Damian closes his eyes. His eyelids are burning again. He bites the inside of his lip and forces his breath to steady.
“Nightmares are designed to scare you,” Richard says. “If you were a bad person, you wouldn't be so scared of a dream like that.”
Damian opens his eyes, fixes his gaze on the spot between Richard’s eyebrows. Close enough to eye contact to show he understands, he is fine, he is not crying. “You can't tell father.”
“I'll keep your secret, but just so you know, I really don't think you need to worry about telling him. He'd understand.”
“No. It's—that's his nightmare too. Me killing someone. He can't know.”
“Oh, kiddo. Maybe he doesn't know you have them, but believe me, he knows exactly what those dreams feel like. Dreams where killing somebody feels better than anything? I bet he has those every night.”
Damian can't think about that right now. He can't make it make sense. All he can do is repeat himself. “He can't know.
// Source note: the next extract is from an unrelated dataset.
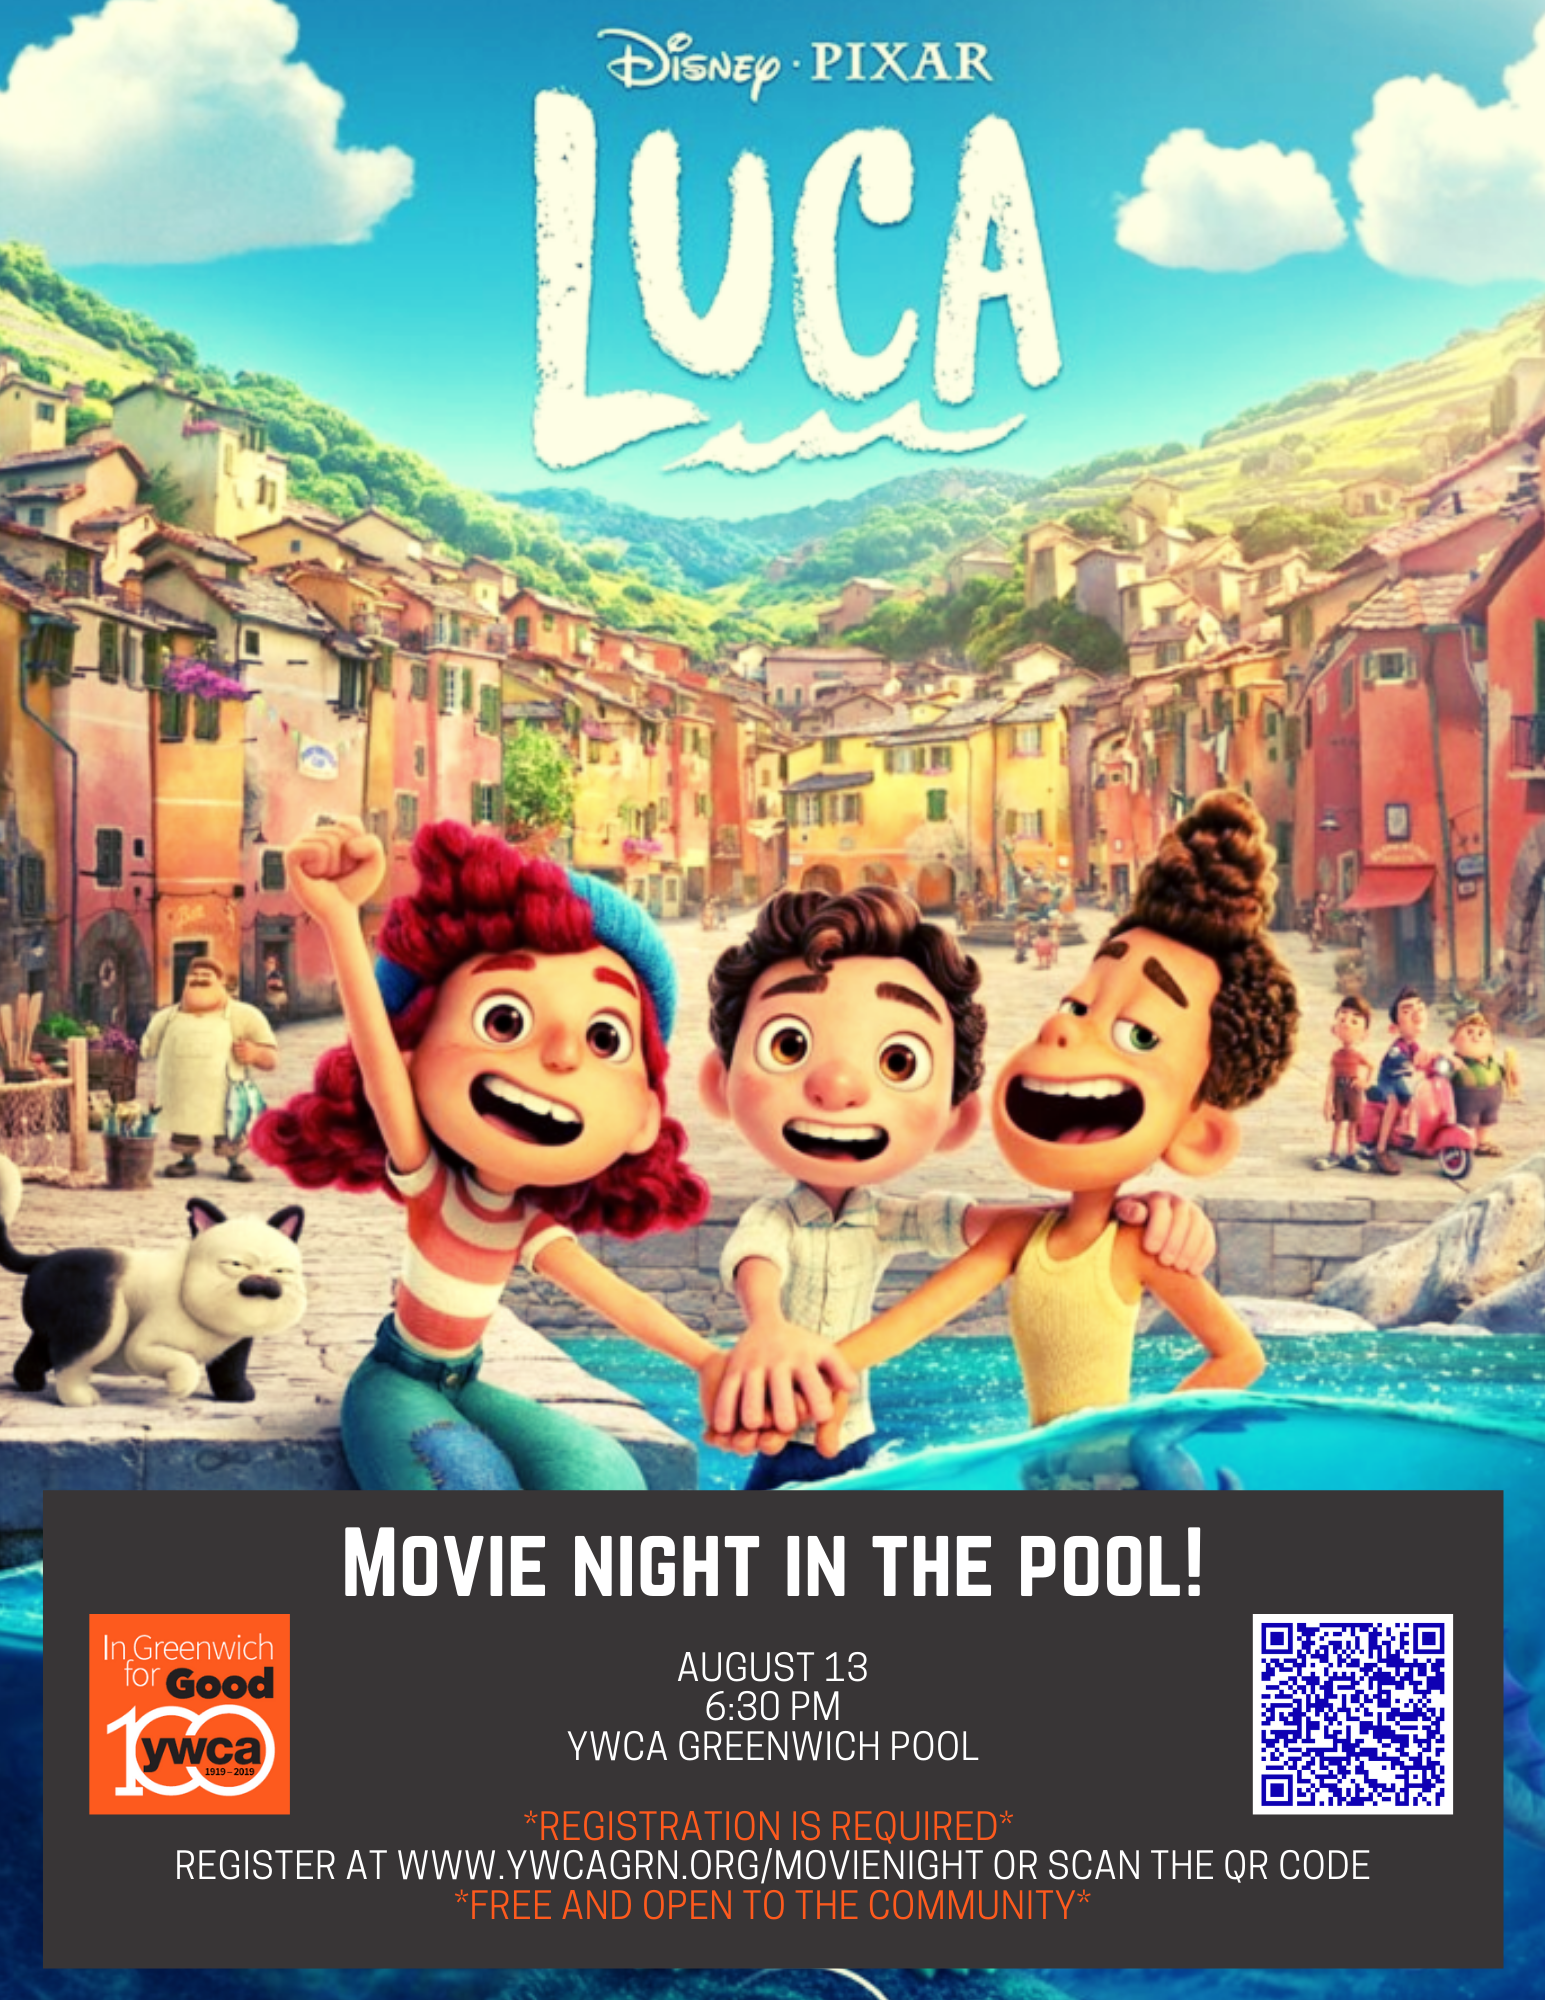 Pool movie night
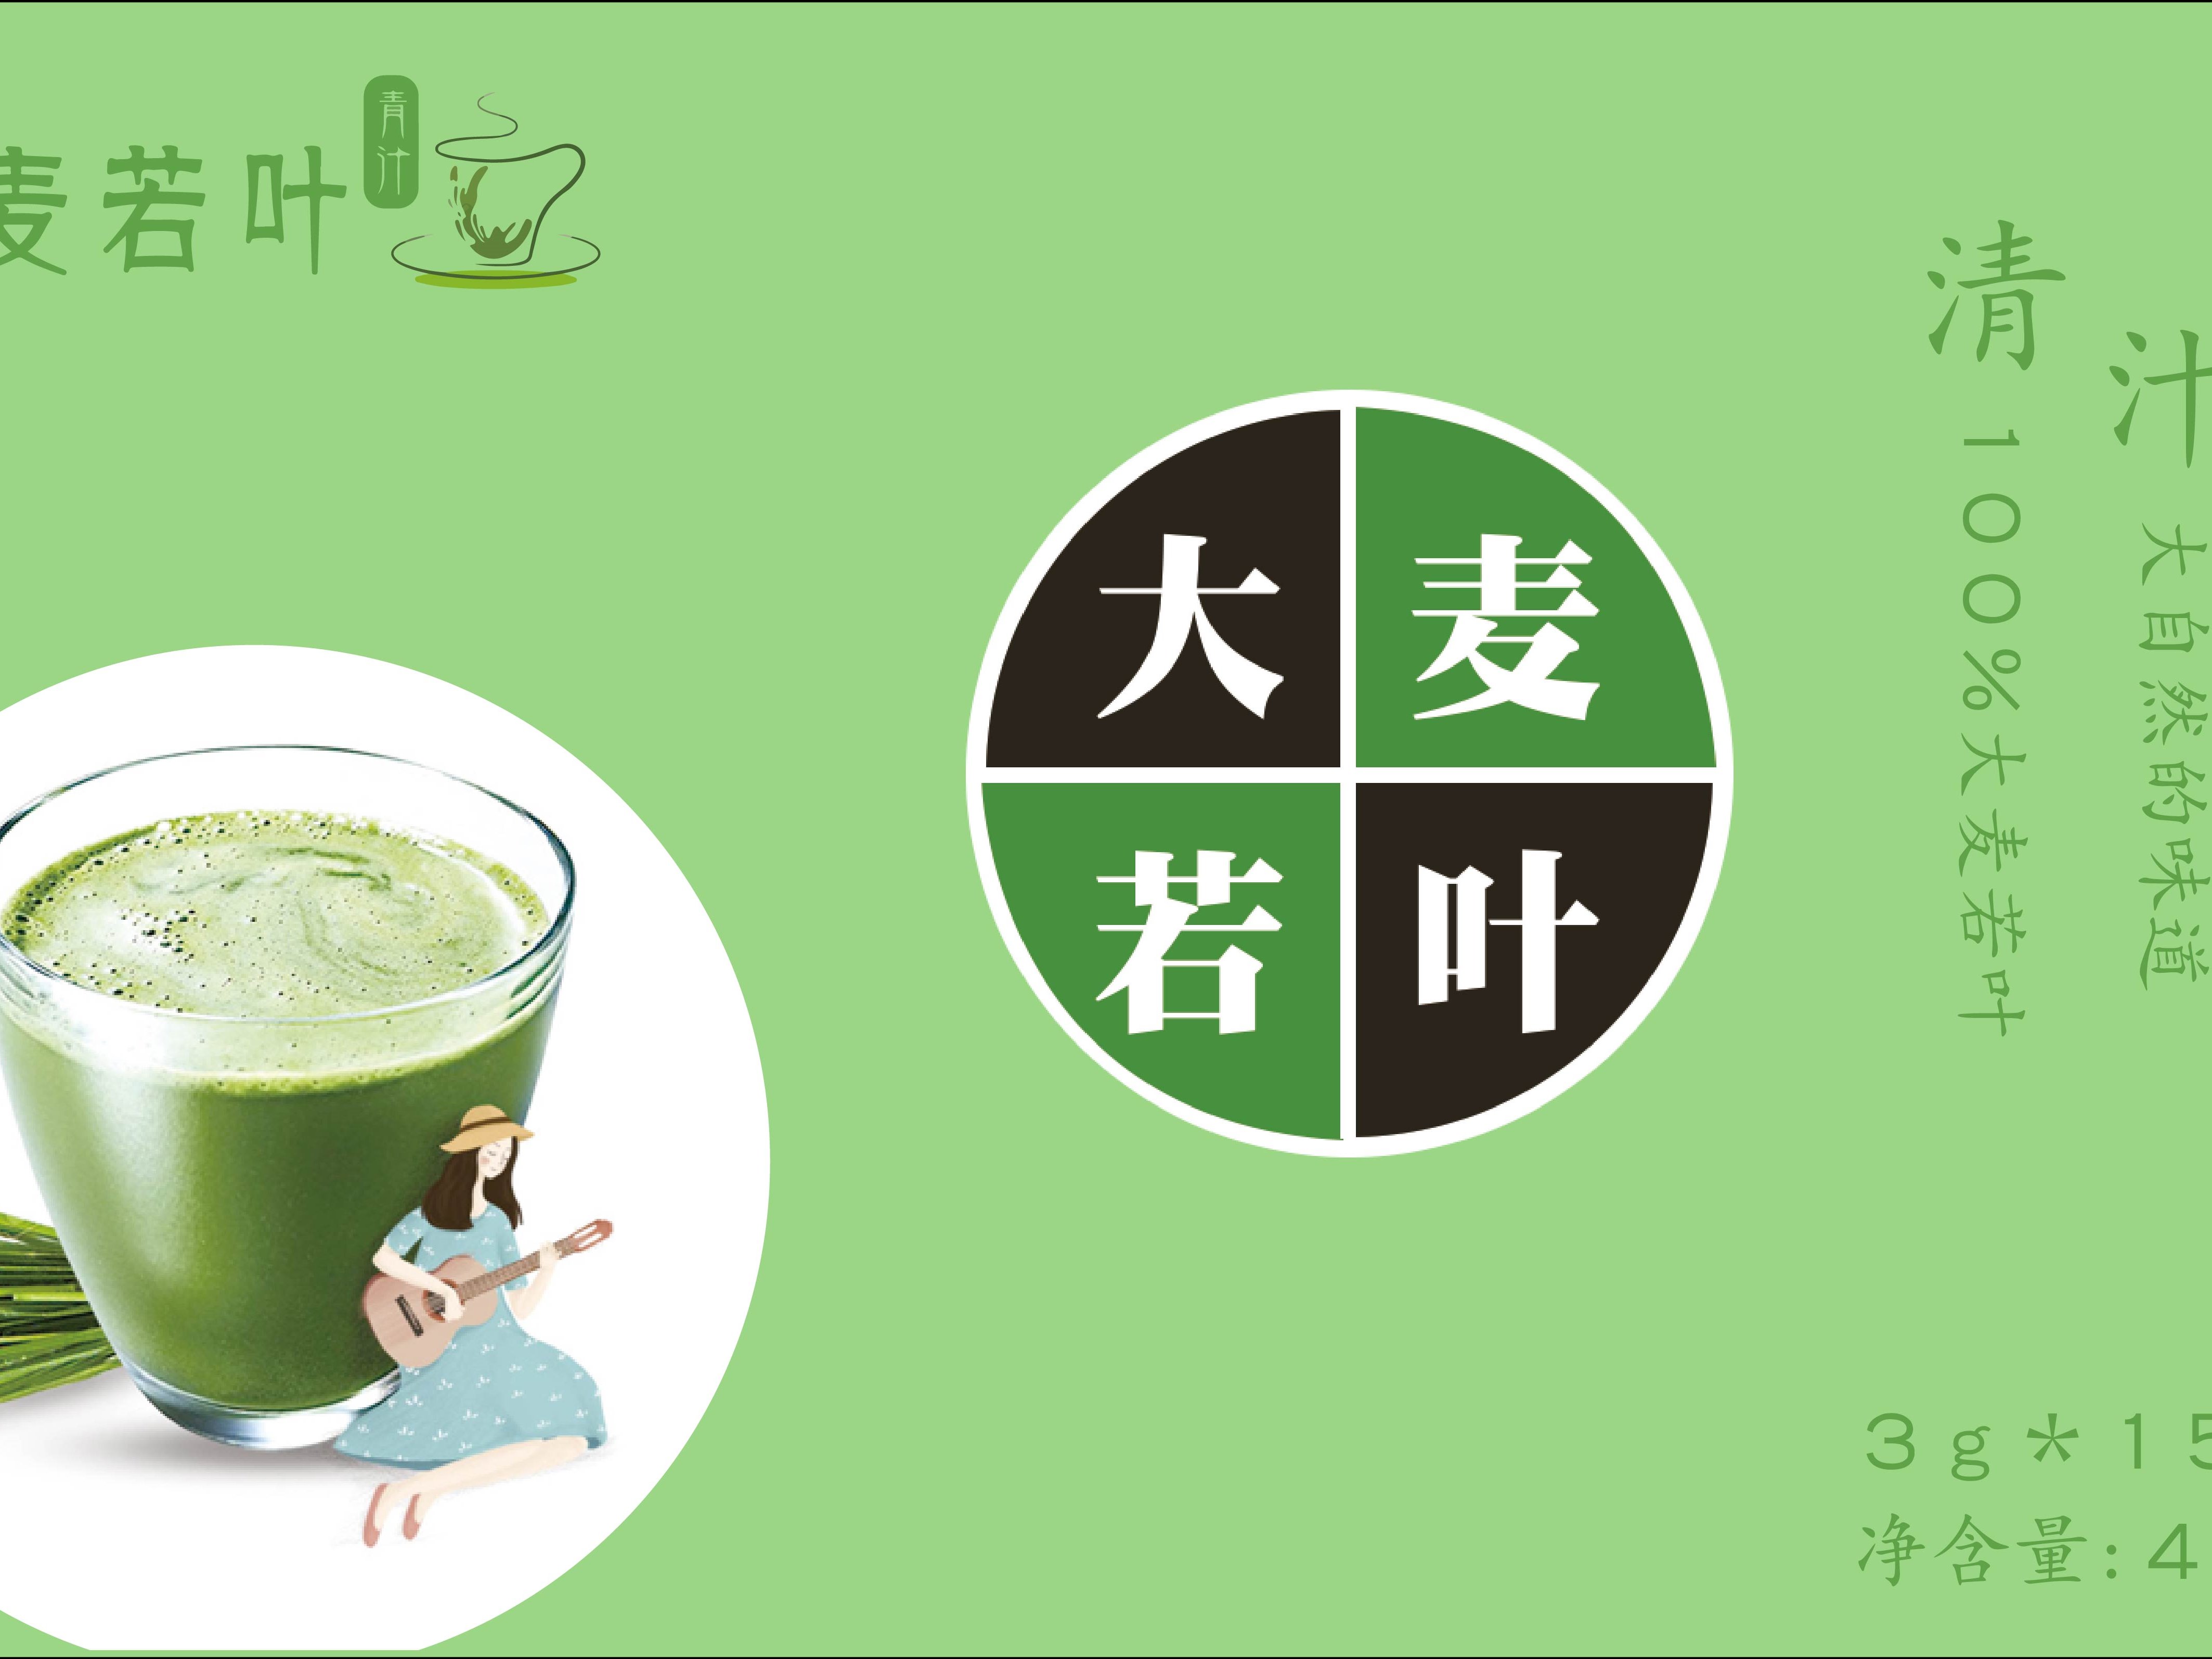 碗装大麦若叶酸奶 - 大麦若叶 | 山本汉方制药(日本)股份公司

He can't know that—It isn't just that I killed her, it's—I miss her. My mother. Don’t tell him that either. Don't tell him I told you. I don't—he can't think that—”
He doesn't know what he's saying. His hands are hovering, lost, and he gives up and uses them to hide his face. His shoulders tremble and Richard wraps him again in a hug, holding him close, holding him together. Damian hates crying, always feels like people are watching him even when he cries alone, but somehow having Richard there is better. Richard feels like a shield in a way that darkness and aloneness don't. Richard stands between him and the ghosts.
“Your dad loves you, kiddo. Nothing I tell him is ever going to change that.”
“You don't know that.”
“Actually, I’m an oldest sibling, which means I know everything.”
Damian sniffs and wipes his face on the back of his hand. “Shut up.”
“And you're the youngest, which means you don't know anything.”
“I said shut up. Leave me alone.”
Richard lets him go and picks up his mug of tea again, takes a sip while Damian scrubs his face with the ends of his sleeves. “I promise the only thing I'm telling Bruce is that you miss me . And I'm giving you permission to dream about killing me, if you have to. Don't tell anyone, but I've had dreams about killing Batman. Dreams where it felt great to kill Batman, even. I've dreamed that the Joker had good points. You can't control your dreams.”
“I know,” Damian mumbles. “You said that already.”
“I'll keep saying it until you believe it. Hey, how do you feel about pancakes? I think patrol time just clicked over to breakfast time.”
Damian slides off the counter. His bones don't ache anymore. Some time when he wasn't paying attention, the pain went away.
“I’m telling father you miss me more than I miss you,” he says. “And I will make the pancakes. I don't believe you know how to cook.”
The kitchen is lighter now—the sun is about to come up. When he looks at his hands, they’re dyed blue in the dawn light. But they’re clean.